◆ **DATA EXCERPT**
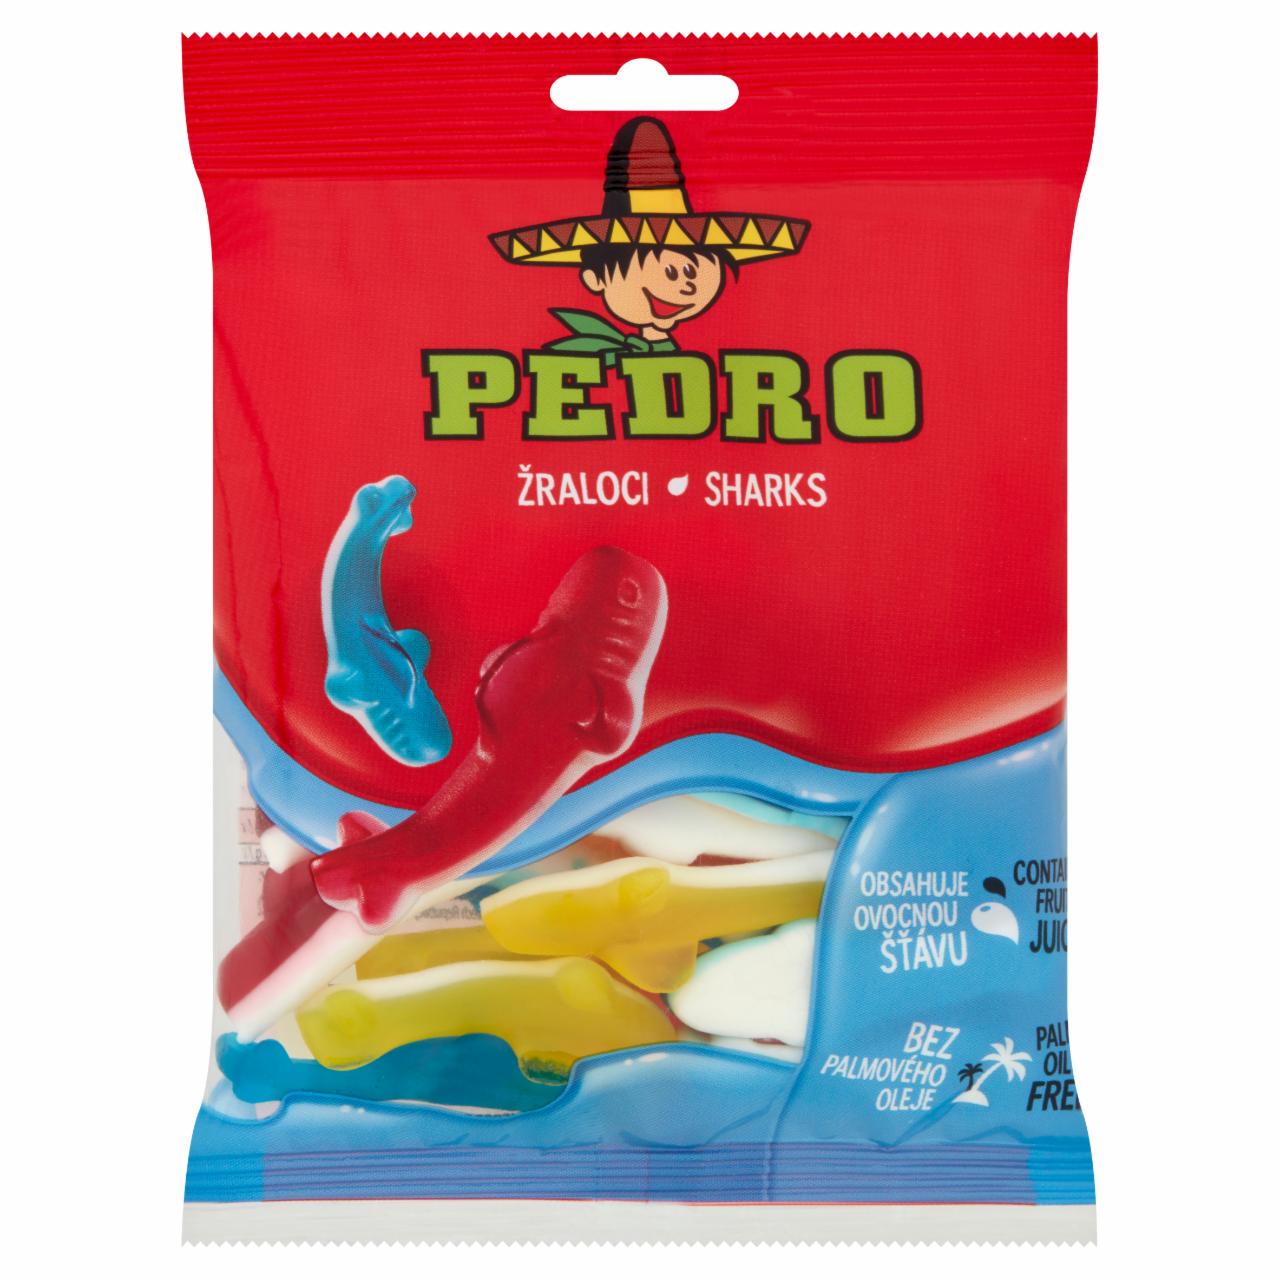 Képek - Pedro Sharks gyümölcsös ízű gumicukor 80 g
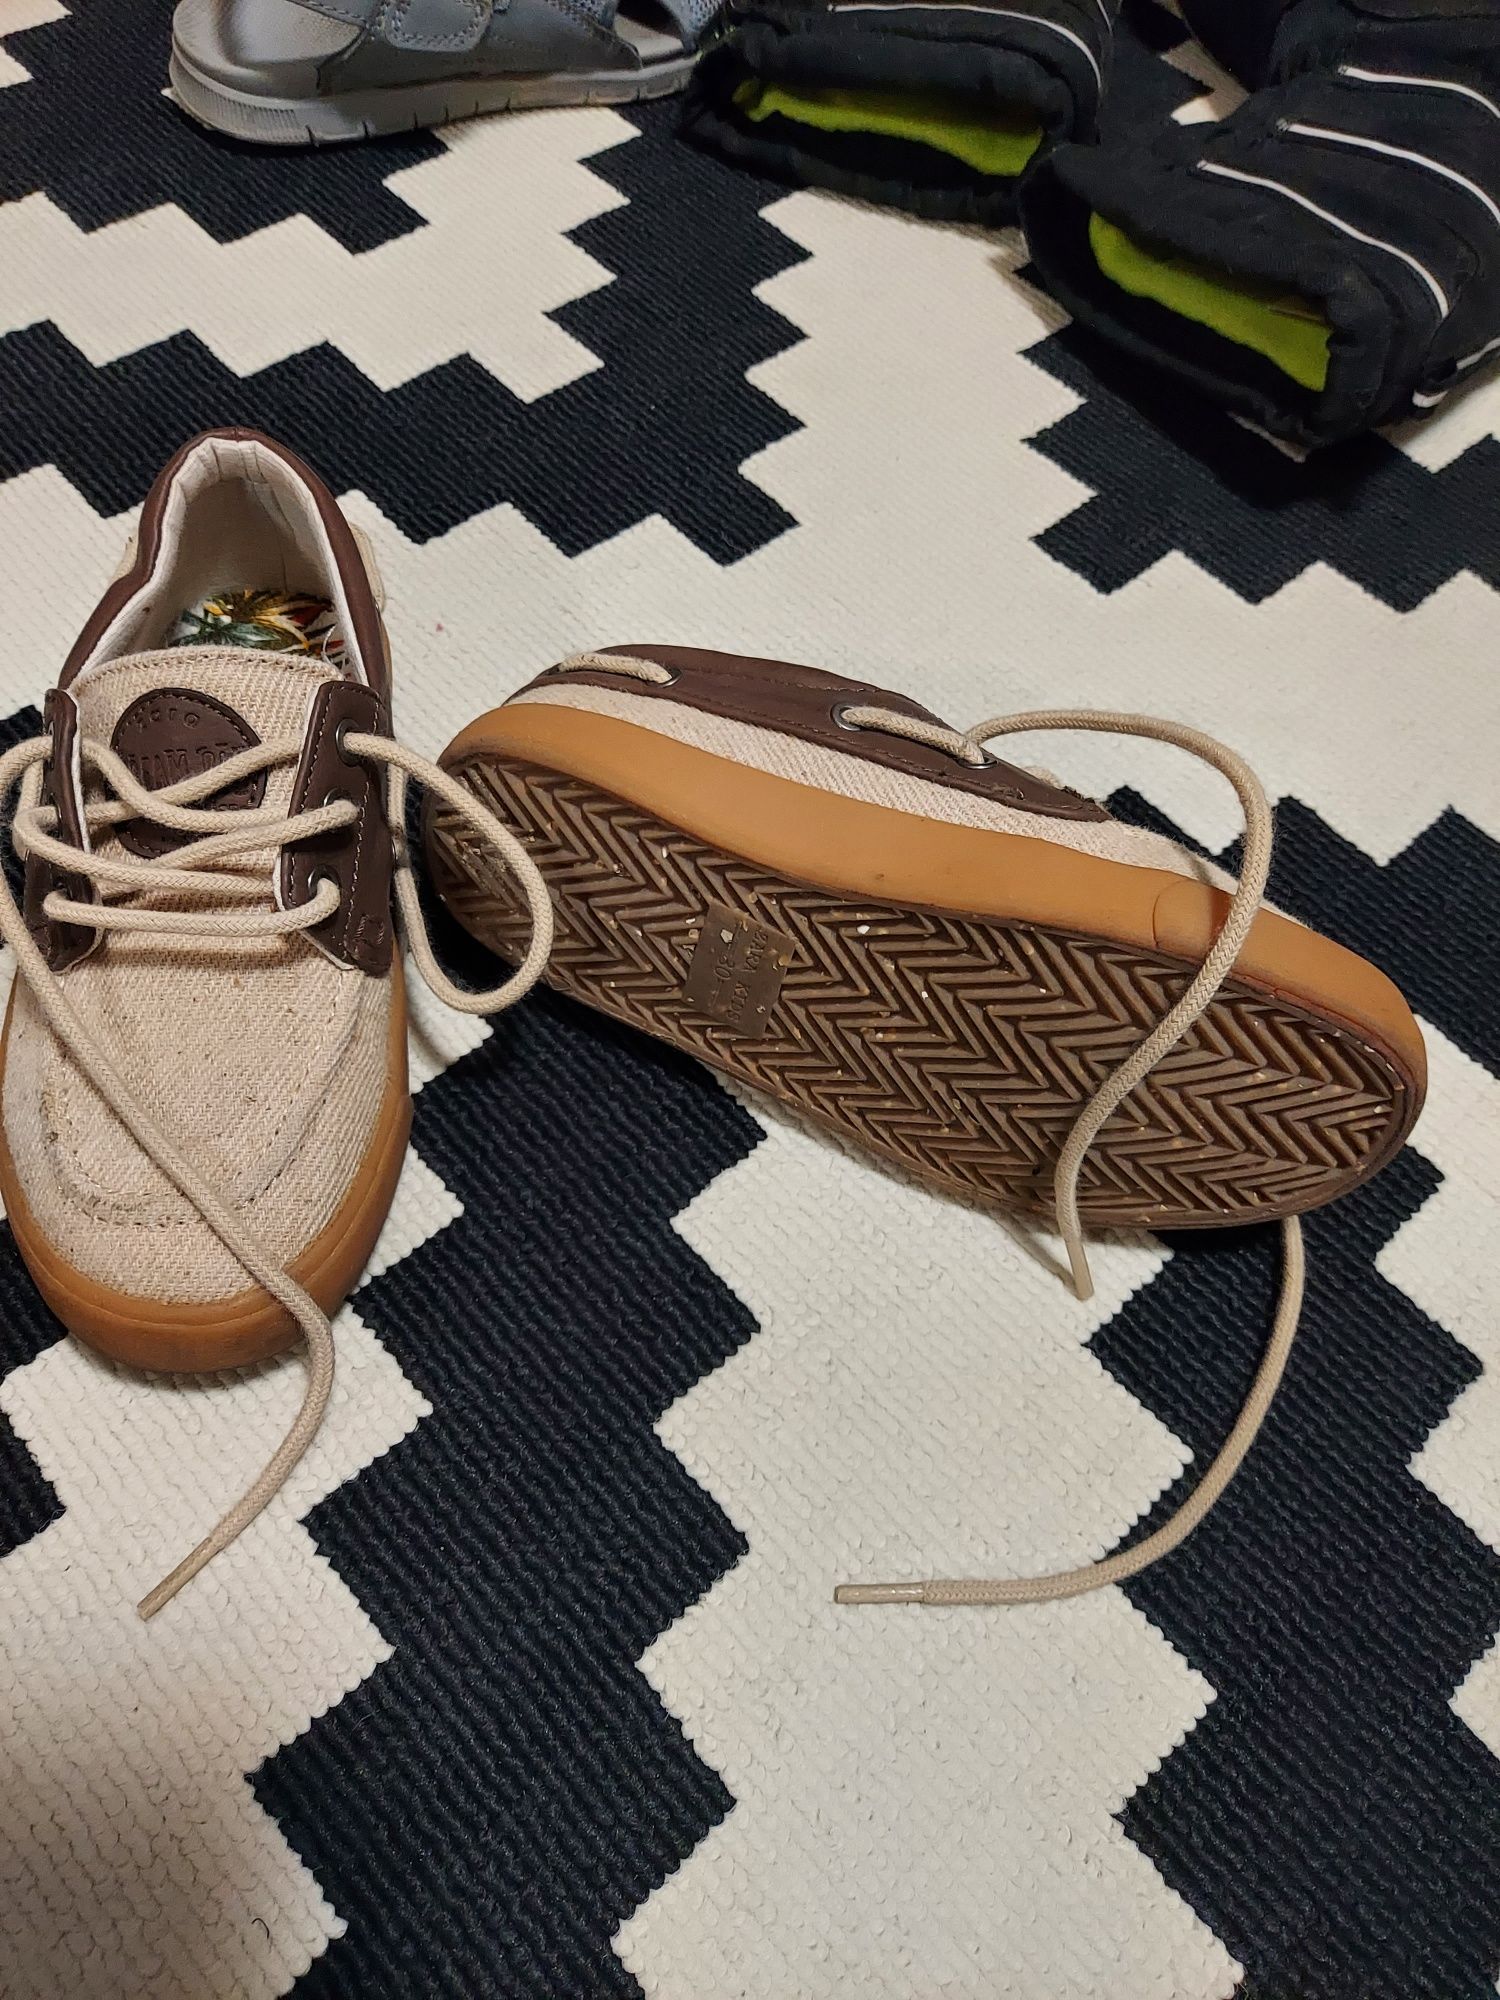 Pantofi/adidași baieti Zara, marime 30
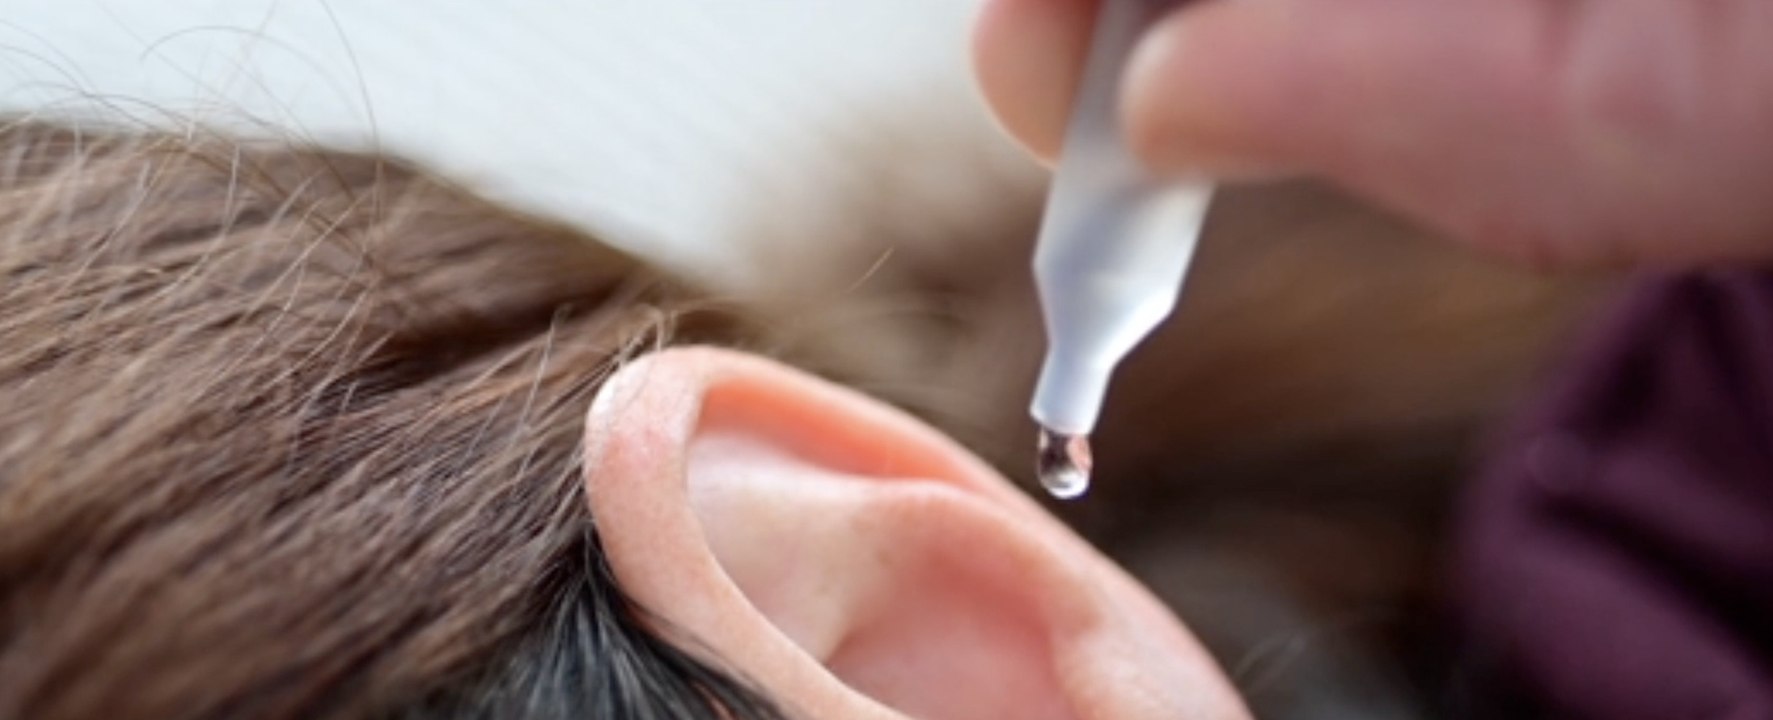 Comment nettoyer ses oreilles correctement ? - Conseils santé

◆ **TASK OBJECTIVE**
A word-for-word copy of the listing is needed, with no pictures in it.

◆ **REPLY**
 Képek - Pedro Sharks gyümölcsös ízű gumicukor 80 g
 Pantofi/adidași baieti Zara, marime 30
 Comment nettoyer ses oreilles correctement ? - Conseils santé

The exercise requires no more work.